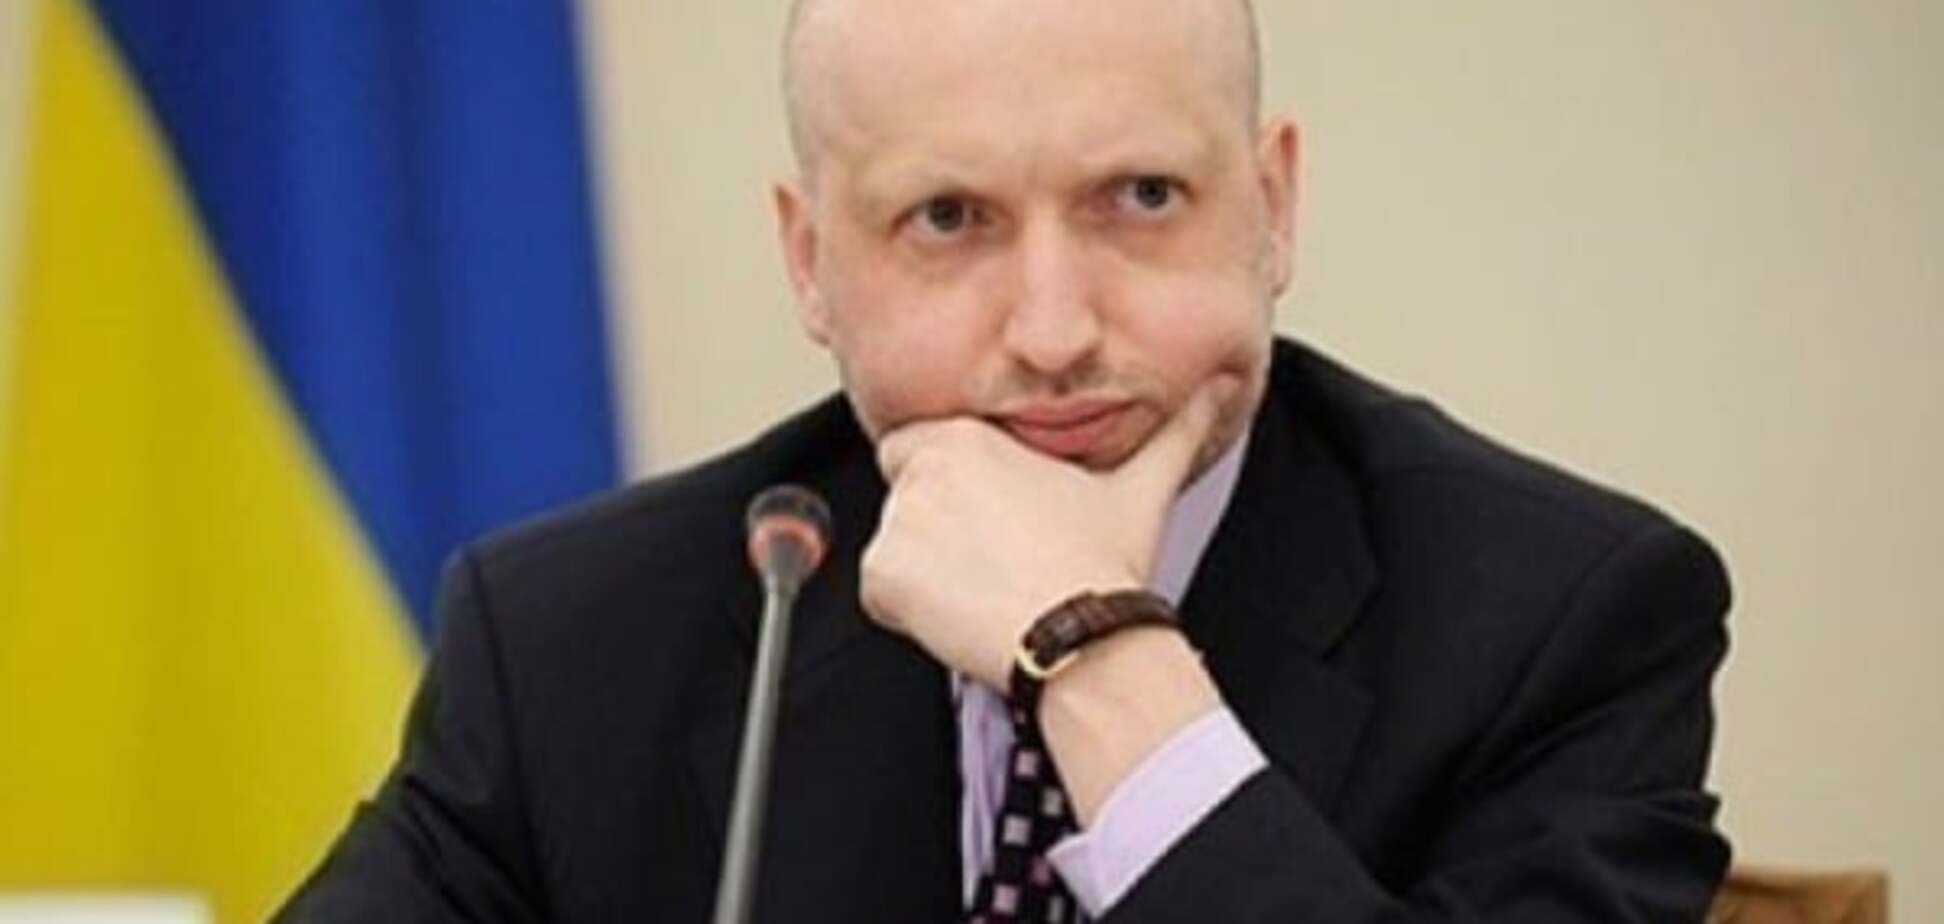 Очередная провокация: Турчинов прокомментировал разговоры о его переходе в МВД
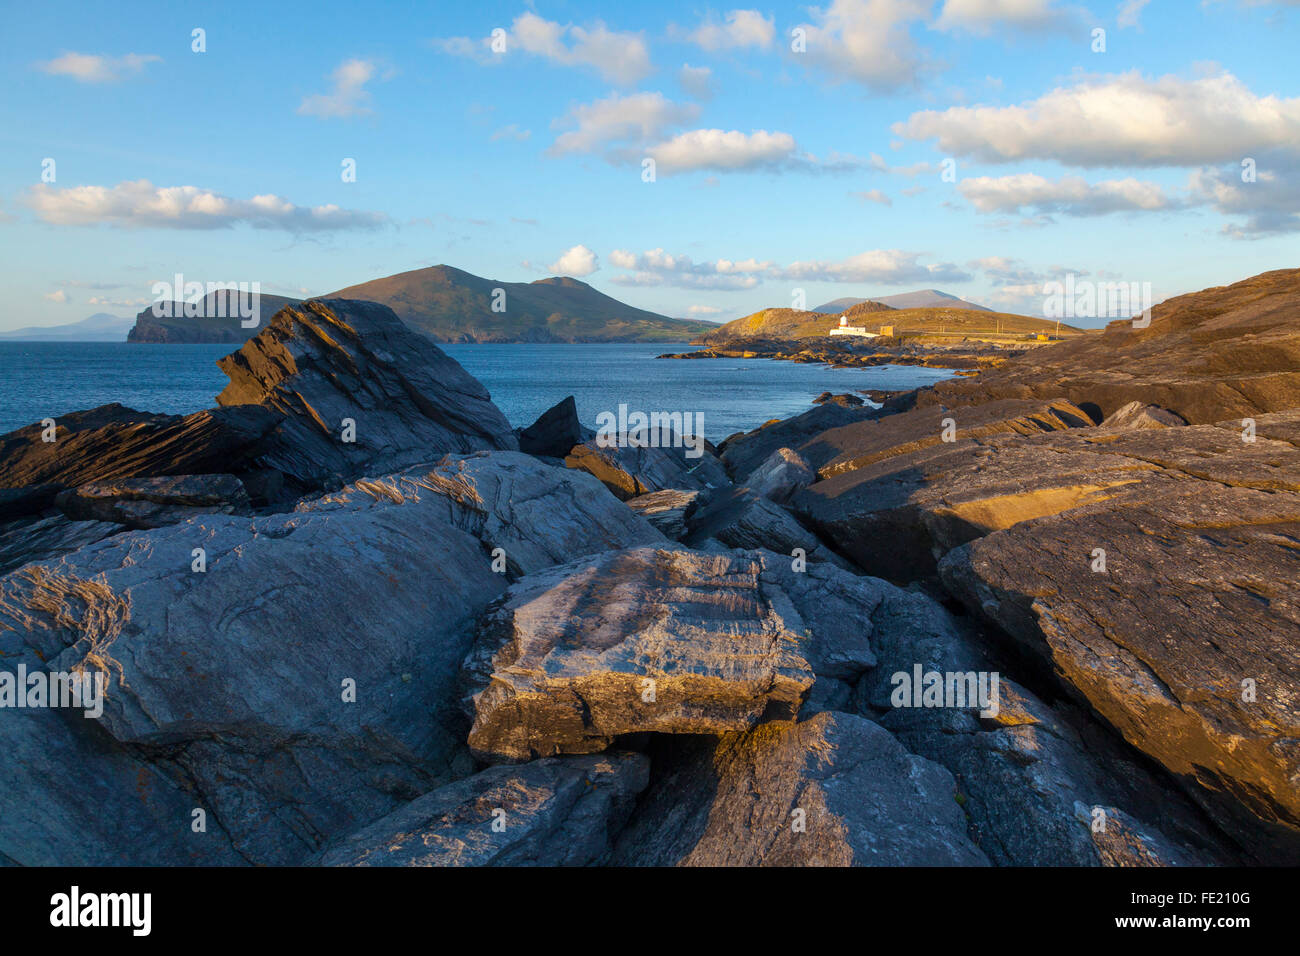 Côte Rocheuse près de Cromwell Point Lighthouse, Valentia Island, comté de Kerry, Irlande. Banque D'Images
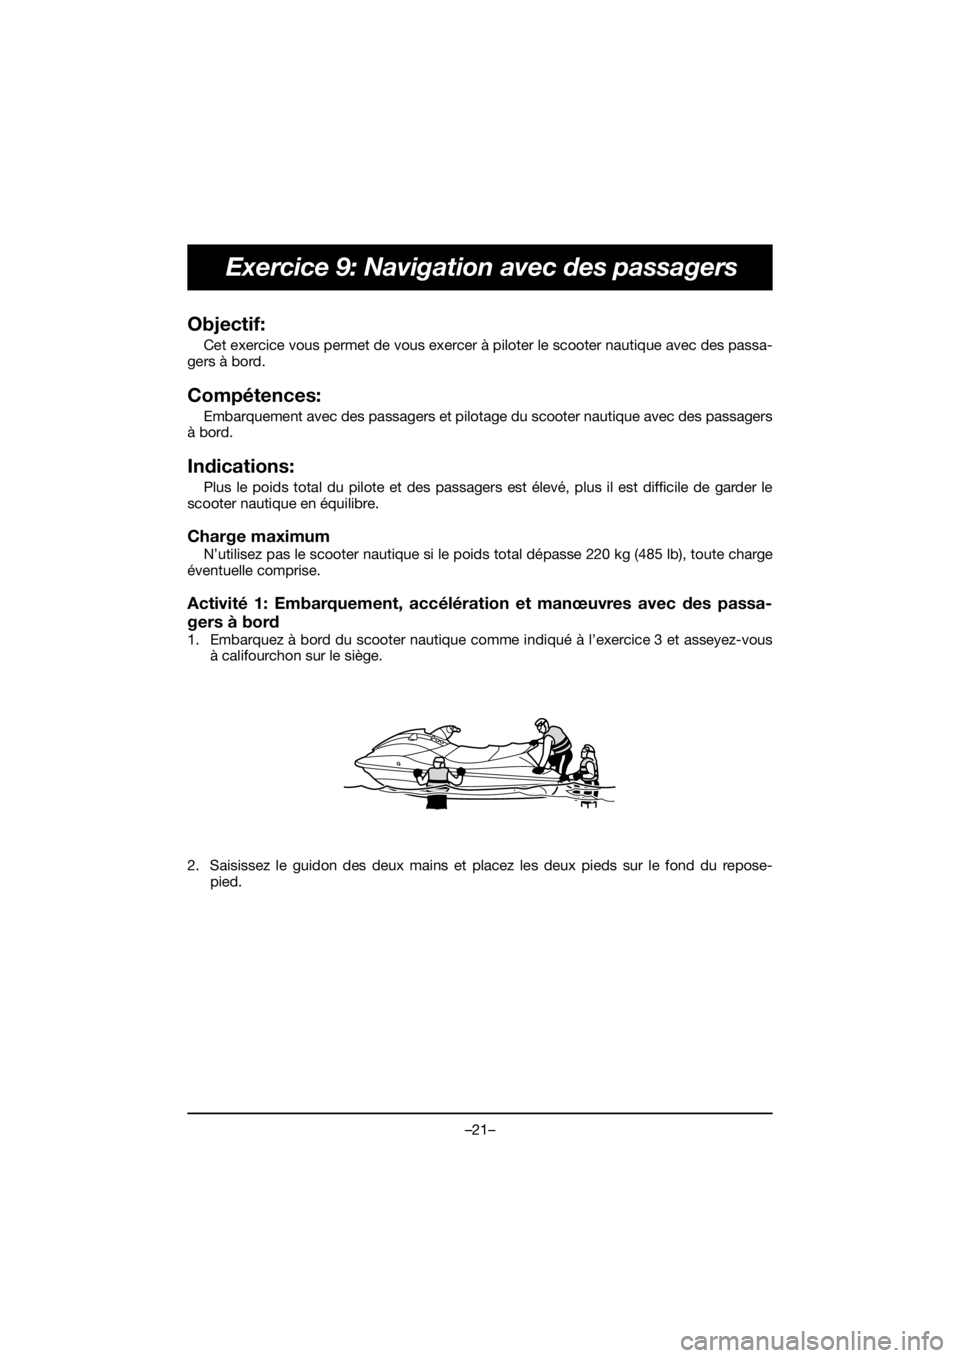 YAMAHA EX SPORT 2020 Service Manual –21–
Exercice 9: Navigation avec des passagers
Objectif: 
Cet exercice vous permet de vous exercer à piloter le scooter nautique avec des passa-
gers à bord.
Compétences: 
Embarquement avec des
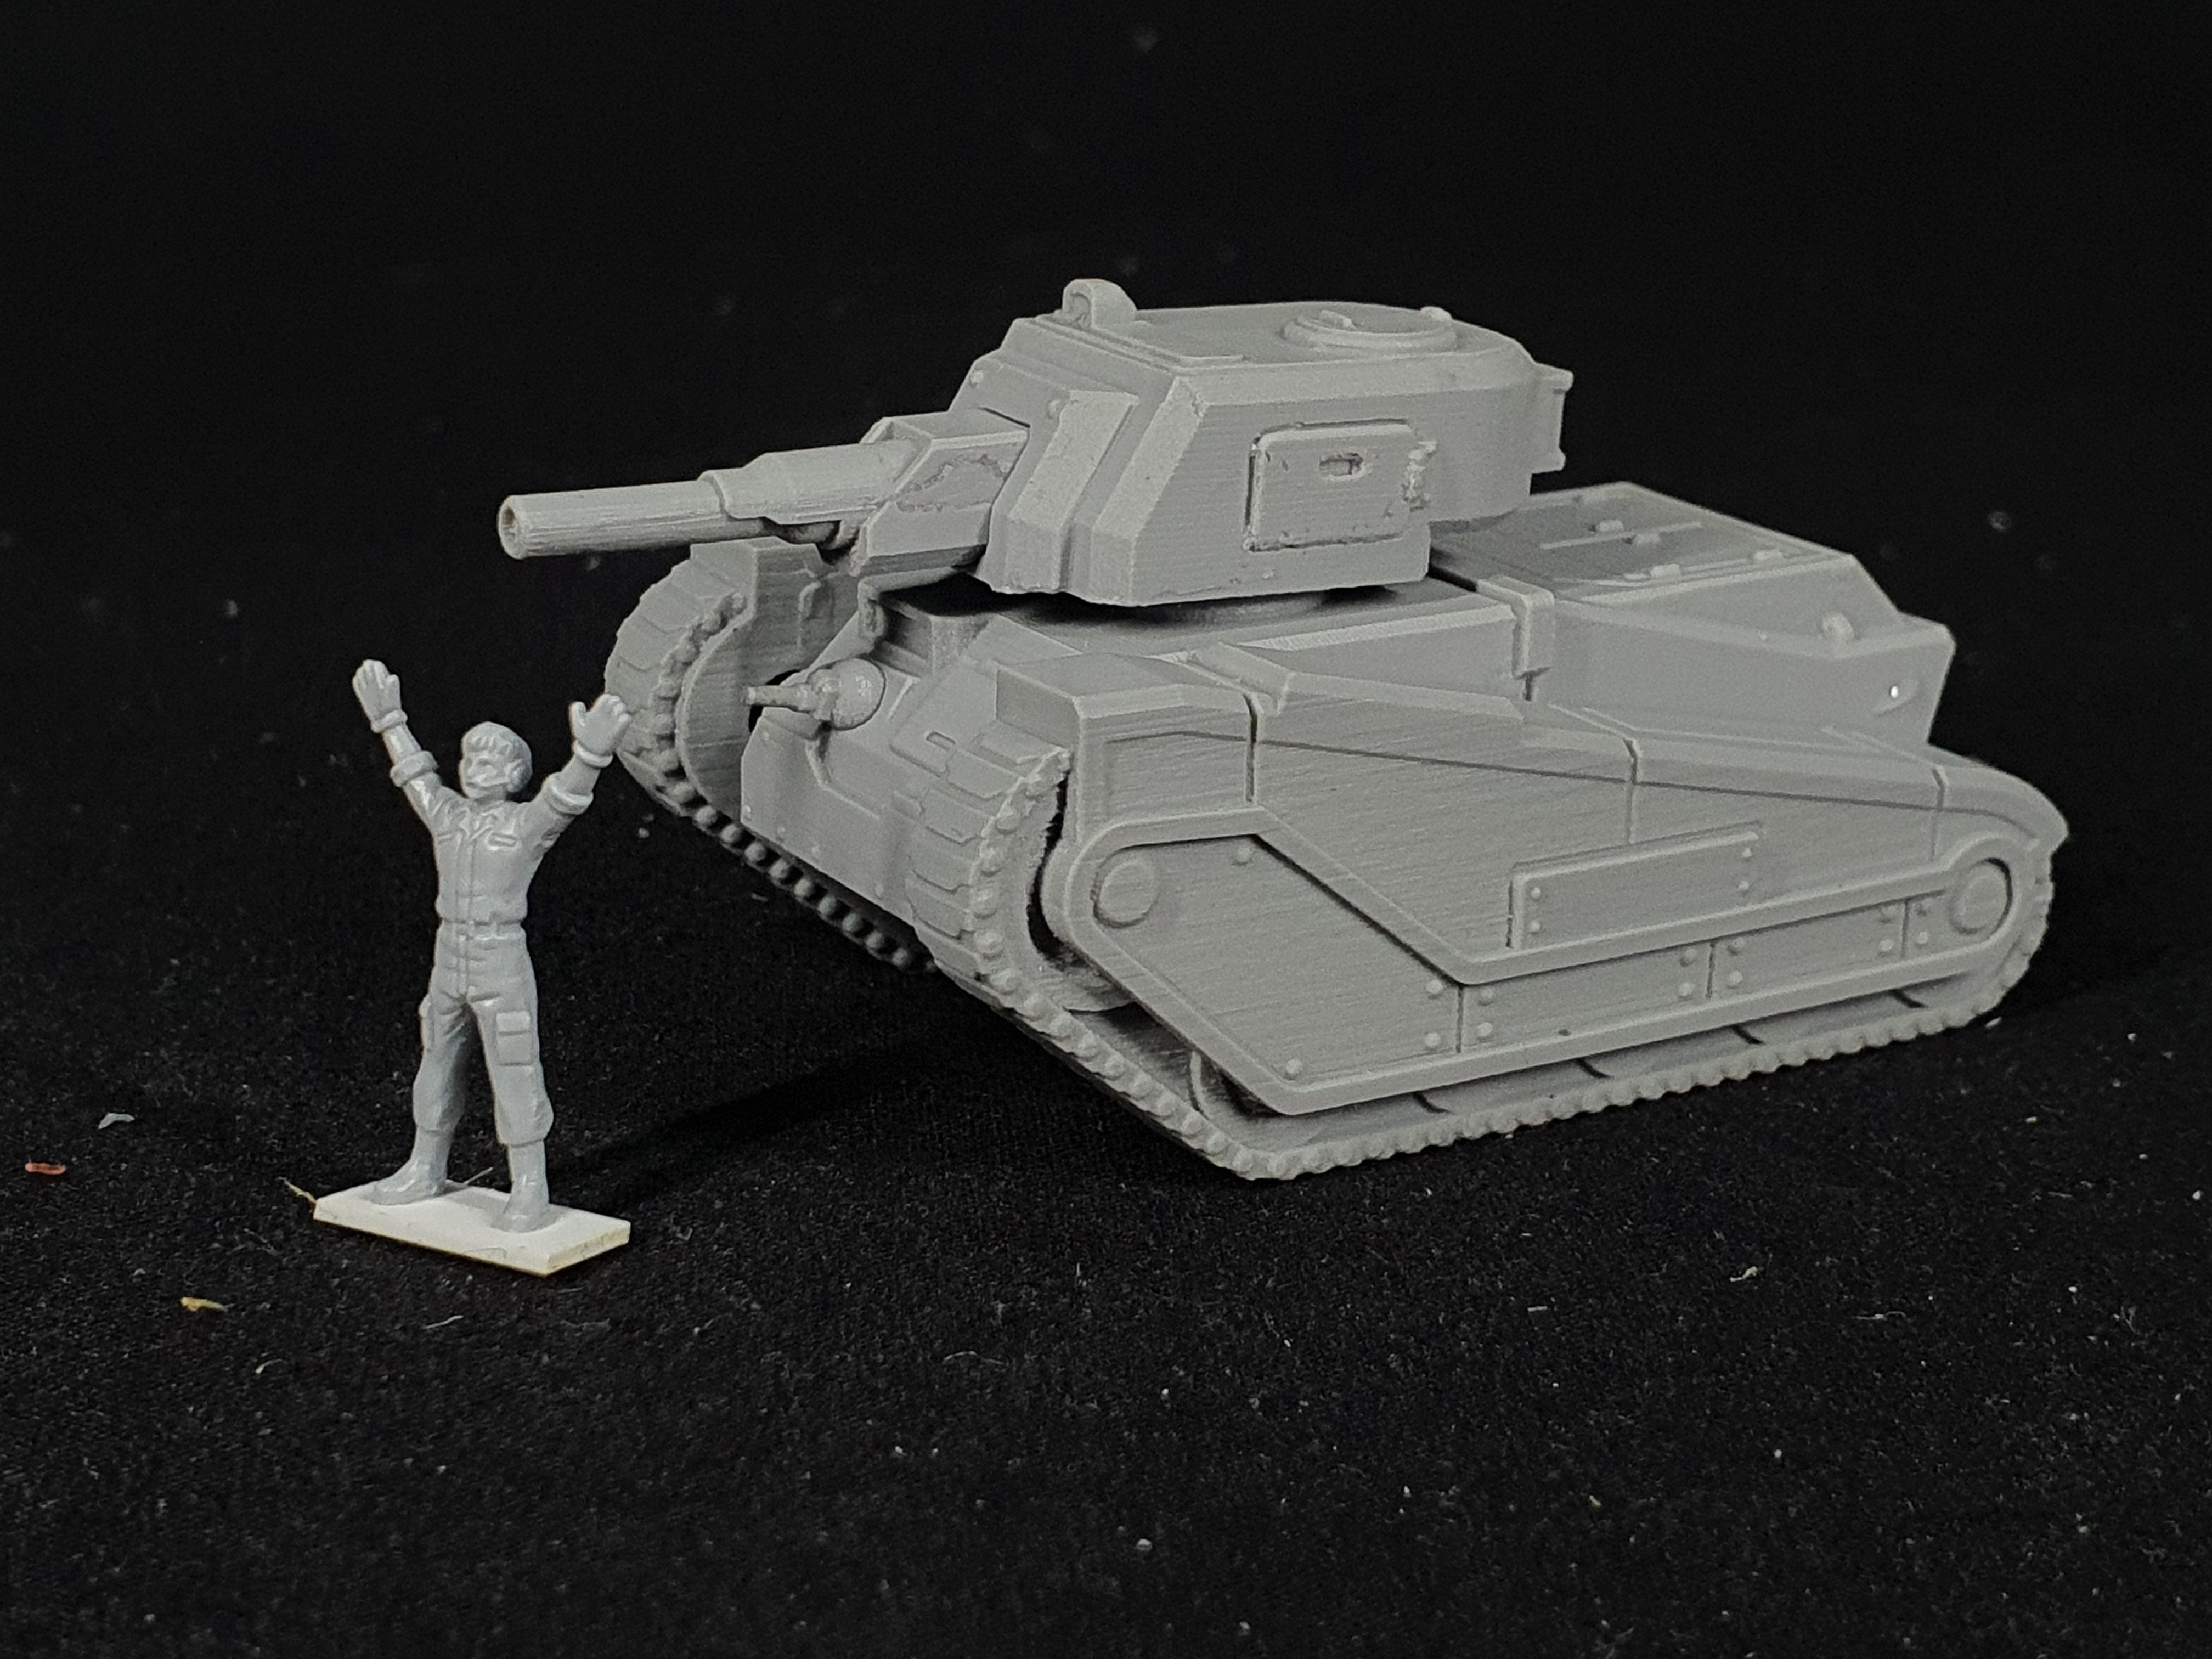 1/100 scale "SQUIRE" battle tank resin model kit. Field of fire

- **What you will do**
Your answer should be a single number: the count of lines in the records that contain "avec".

- **Expected answer**
3